The sole instance of publication of the Rayograph offered here is in the May-June 1938 issue of the arts journal XXe siècle, where it appears as a full-page illustration.  The hand-ruled border and stylized signature visible in the XXe siècle illustration confirm that the present Rayograph was used for the reproduction.  By contrast, the laterally-reversed reproductions of this image in both de l'Ecotais's Man Ray Rayographies and Jean-Hubert Martin's Man Ray: Photographs were made from a modern copy photograph of the image, realized in the early 1970s as part of a small edition.  The Centre Pompidou, which holds approximately 40 negatives copied from original Rayographs, does not have a negative of the present Rayograph. 
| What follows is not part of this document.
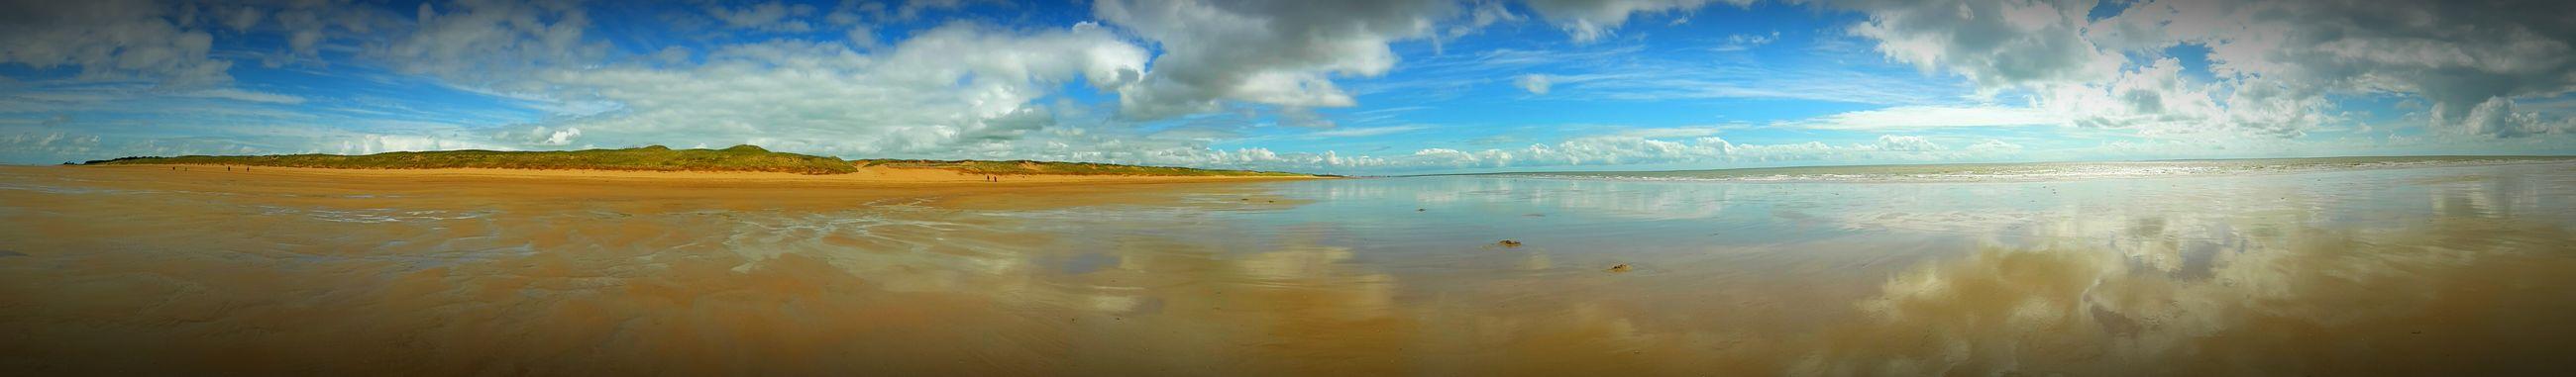 Beach Sunshine Panorama Sea Samsungphotography Color Of Life Vacation Reflection Low Season Samsung

Steven Manford notes that mannequins, principle to the composition of this Rayograph and its variants, played an important role in Man Ray's work from the early 1920s into the final decade of his life, appearing in photographs, Rayographs, paintings, drawings, and editions.  His famous image of a seated mannequin posed between a sphere and cone appeared in the June 1926 issue of the journal La Revolution Surréaliste, and was reproduced again as the cover illustration for the slim catalogue accompanying Man Ray's 1962 photographic retrospective at the Paris National Library.  In addition to their appearance in the group of Rayographs of which the present image is part, mannequins appear in two other later Rayographs made in the 1930s (cf. de l'Ecotais 246), which, unlike the present group, possess a narrative aspect (one mannequin pursuing the other).  Later in life, Man Ray would return once again to working with mannequins with his portfolio Resurrection of the Mannequins (1966), and the reissue of his earlier, risqué, mannequin tableaux, Mr. and Mrs. Woodman (1970).  The present Rayograph, with its ambiguous juxtaposition of two figures seen against—and through—a field of translucent black-and-white bands, resists the application of an obvious narrative.  Instead, it possesses that enigmatic Surreality of which Man Ray was a master.    
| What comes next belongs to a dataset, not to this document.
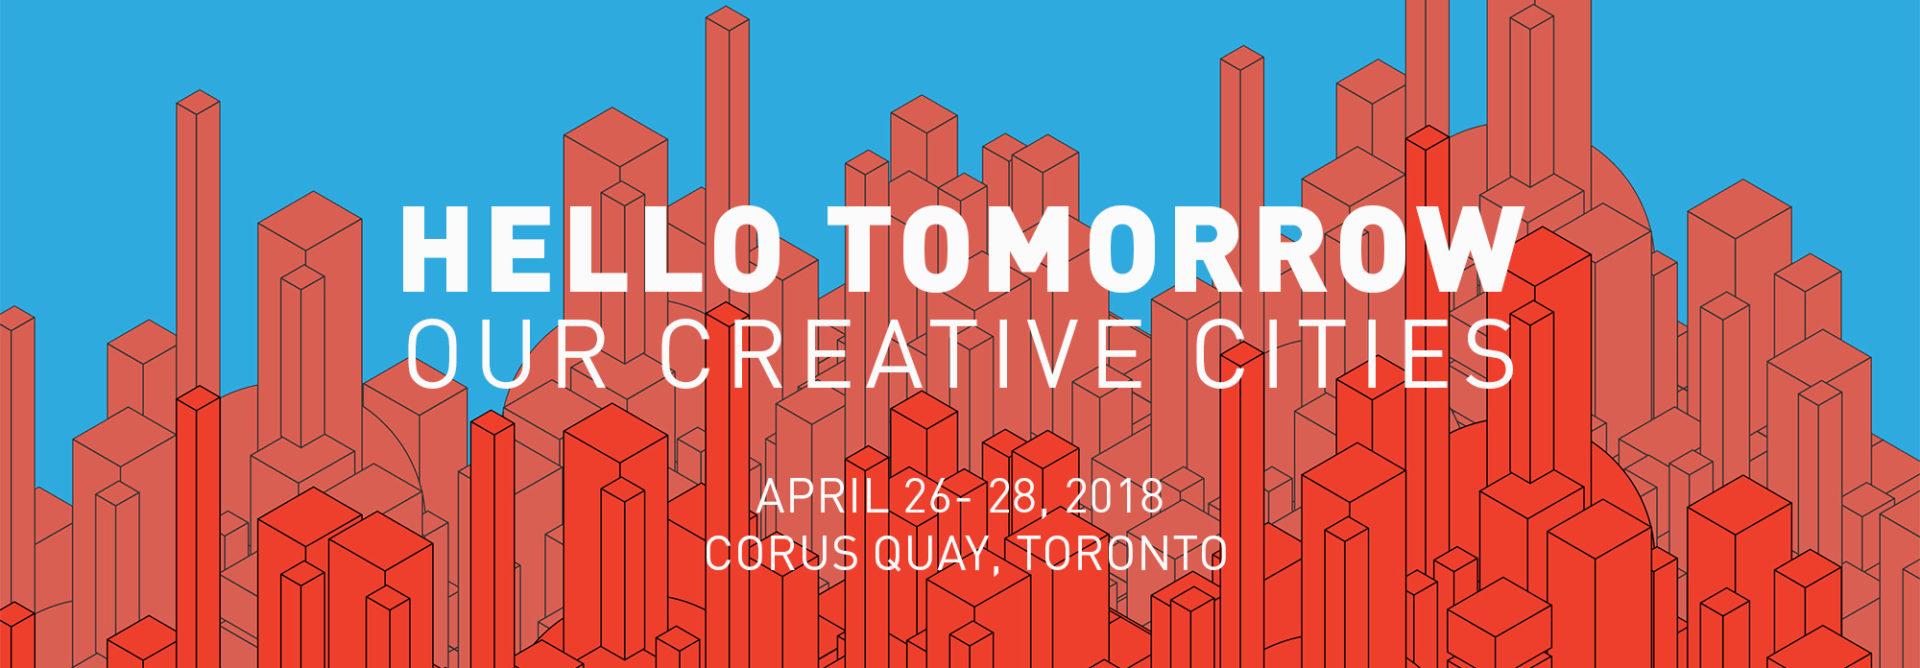 DIGIFEST 2018 @ Corus Quay | Toronto | Ontario | Canada

While it is unlikely that Man Ray created this Rayograph with the intention of executing a design for a tapestry, his plan to do so was clear by the following decade, when it was illustrated in XXe siècle over the caption 'Projet Pour Une Tapisserie.'  Man Ray's detailed technical instructions, written on the mount of the present photograph, may well have served as instructions to the printer making the enlargement in the following lot.  The two-panel enlargement would have served as a guide to the artisans making this (presumably unrealized) tapestry.  For more information, please see the notes accompanying Lot 124). 

One other interesting aspect of the Rayograph's 1938 appearance in XXe siècle is the heading under which it is reproduced: 'La Dernière Photo de Man Ray' (the last photograph of Man Ray).  The dating of the image to the mid-1920s, and the fact of Man Ray's significant photographic output post-1938, controverts the variant definitions of dernière as either 'the most recent' or 'final.'  Manford speculates that this heading may be indicative of Man Ray's state of mind at the time, and of his changing attitude toward photography.  After the lukewarm response to his 1934 monograph, Photographs by Man Ray, 1920 Paris 1934, the photographer turned his attention to contract work for the magazine Harper's Bazaar.  This accounted for the bulk of his professional work in the latter part of the decade, and from the fall of 1936 through the spring of 1938 Man Ray published a remarkable 75 photographs in Bazaar's pages.  His last photograph for the magazine was published in February of 1938, shortly before the XXe siècle item appeared.  In this sense, the Rayaograph was his 'final' photograph.  This self-imposed moratorium was broken two years later, with the new body of photographs Man Ray began for Bazaar beginning in March 1940.  

This work will appear in the forthcoming Catalogue Raisonné of the Rayographs being prepared by Man Ray research scholar Steven Manford, to whom we give thanks for the detailed information set forth here.